Over the last month I have had the opportunity to add 4 additional nodes to a RAC environment. The current environment was 4 nodes running Suse 9. The decision was made that instead of replacing the existing nodes, we would add and make it an 8 node cluster. If you had the opportunity to read my post on CPU Utilization, you will understand that what we really did was increase our capacity by increasing the availability of CPU time for more transactions. Our Arrival Rate can increase without impacting our response time -- provided of course we can balance our workload across the nodes appropriately. On the horizon is an upgrade to 11gR2, so the new nodes are running Suse 10. The older nodes will be removed as we have the new one's stable and upgraded to Suse10.
The decision to run with a mix OS for a short period of time was not without at least one quirk. If you have an OCFS2 mount point you will not be able to mount it on both versions, its either 9 or 10. This is unfortunate even in the short term. The use of external tables or even jobs that still use UTL_FILE will have fail if they happen to start on one of the nodes the filesystem is not mounted on. A work around would be service groups, however that may require some code changes that might not make sense in the short term.
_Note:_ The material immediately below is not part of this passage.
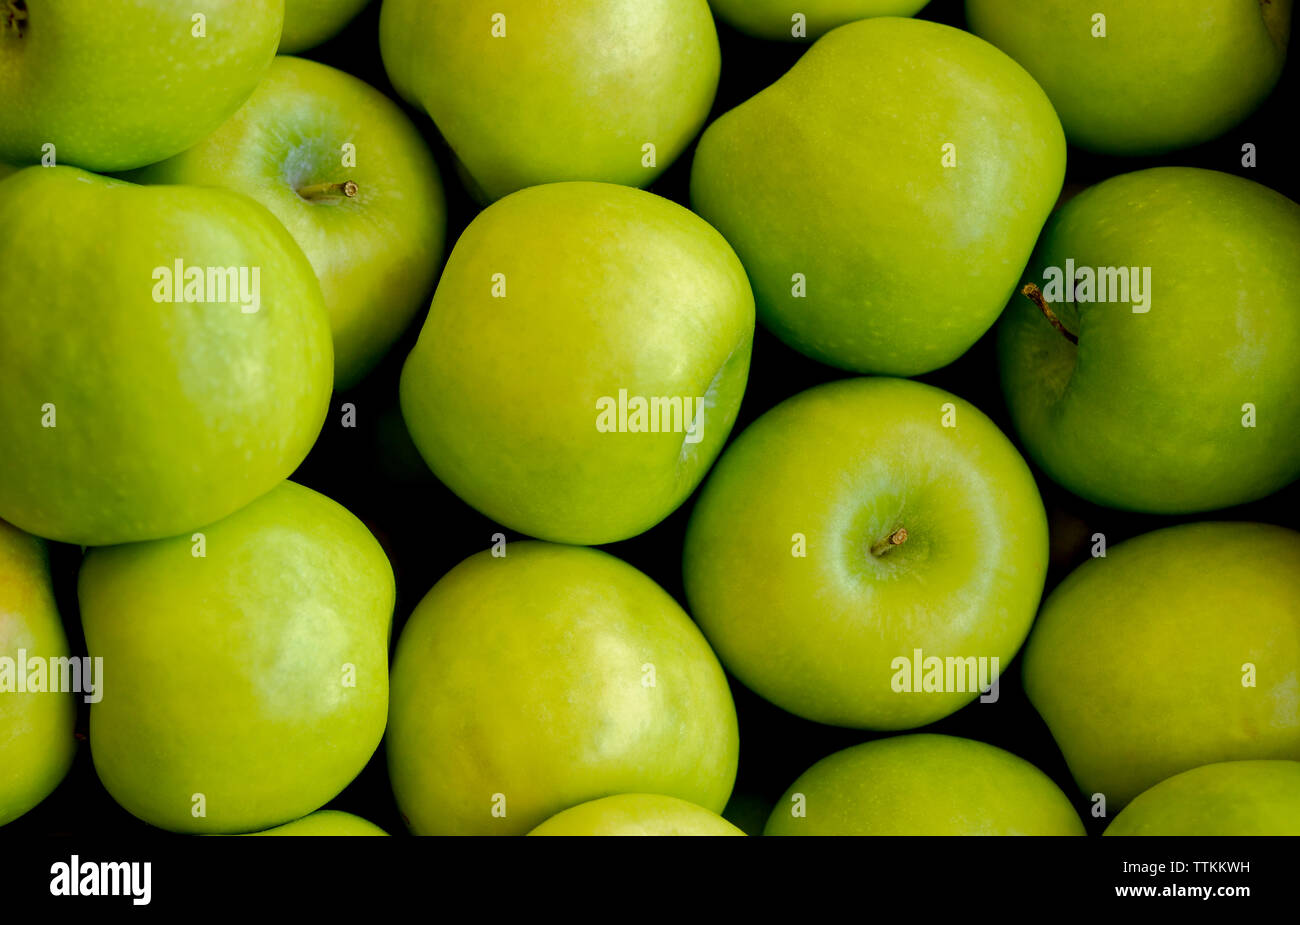 Granny Smith green apples - Stock Image

A work around that has been effective in the short term, is to set the local_listener on the nodes that do not have the OCFS2 filesystem to a listener where the filesystem is mounted. Let's say I have a host ORL1 and ORL2 that have the filesystem mounted, but I have ORL3 where the filesystem can not be mounted at this time.
Ensure that the TNSNAMES.ORA on ORL3 has the Listener for one of the two nodes where the filesystem is mounted:
(address = (protocol = tcp)(host = oral.medai.com)(port = 1521))
Then I change the parameter local_listener to one of the 2 hosts listeners:
alter system set local_listener=LISTENER_ORL1 scope=memory sid='orl3';
This changes the parameter only in memory and only for instance ORL3.
Now if any session connects to the listener on ORL3 it will be redirected to ORL1. Of course, this means no jobs will be directed to ORL3 which defeats the purpose of adding the additional nodes. This is only a temporary solution to adding the new nodes before removing the older nodes for upgrade of the OS.
Manipulating the local_listener parameter is also a way to redirect jobs away from a node that you may be preparing to perform maintenance. This allows jobs to continue to process that have already started, but will prevent additional jobs from starting on the instance. Allows you to bounce the instance, or node in order to perform maintenance without having to kill processes. Doesn't solve the issue if you are using inter-instance parallelism and you want to take down a instance or node for maintenance as that is a whole other discussion.
Although its not supported and Oracle strongly suggests not running in a mix OS version, it does work and will allow you the opportunity to upgrade your OS one host at a time. But its not without quirks and you need to ready to either handle the quirks or research the quirks. The OCFS2 is just quirk, I'm sure there are more I just haven't been able to pinpoint the actual issues we have experienced with the different OS versions. Although I will say each node that I have add different problems have appeared, but I think that's just Oracle and the utilities they have created to make things easier.
If anyone has some other quirks or gotchas please feel to list them out.